I am working on text categorization in rapid miner and require to implement a problem transformation method to convert multi-label data set into single label i.e. Label Power set etc but couldn't find one in Rapid miner, i am sure i am missing something or may be Rapid miner has provided them with another name or something ?
1) I searched and found "Polynomial By Binomial" operator for Rapidminer which i think is using Binary Relevance internally for problem transformation but how can i apply others i.e. Label Power set or Classifier Chains ?
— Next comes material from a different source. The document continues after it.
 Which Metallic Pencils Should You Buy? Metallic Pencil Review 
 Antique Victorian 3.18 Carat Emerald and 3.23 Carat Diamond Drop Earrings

2) Secondly SVM (Learner) inside "Polynomial By Binomial" operator is applied K(Number of classes)times and combines 'K' Models into a single model but it would still classify a multi-label (multiple labels) example as a single label (one label) example, How can i get the multiple labels associate with an example ?
3) Do i have to store each model generated inside "Polynomial By Binomial" and then apply each on testing data to find out the multiple labels associate with an example ?
I am new to rapid miner so ignore my mistake
Thanks in Advance ...
Polynomial to Bionomial is not the way you want to go.
This operator performs something like XvsAll. This enables you to solve multiclass problems with a learner only capable doing binomial classification.
For your problem: Would it to transform your table like this:
before:
ID Label 1 A|B|C 2 B|C
toID Label 1 A 2 B 3 C 4 B 5 C
The tricky thing for this is how to calculate the performance. But i think once this is clear a combination of recall/remember/remove duplicates and join will do it.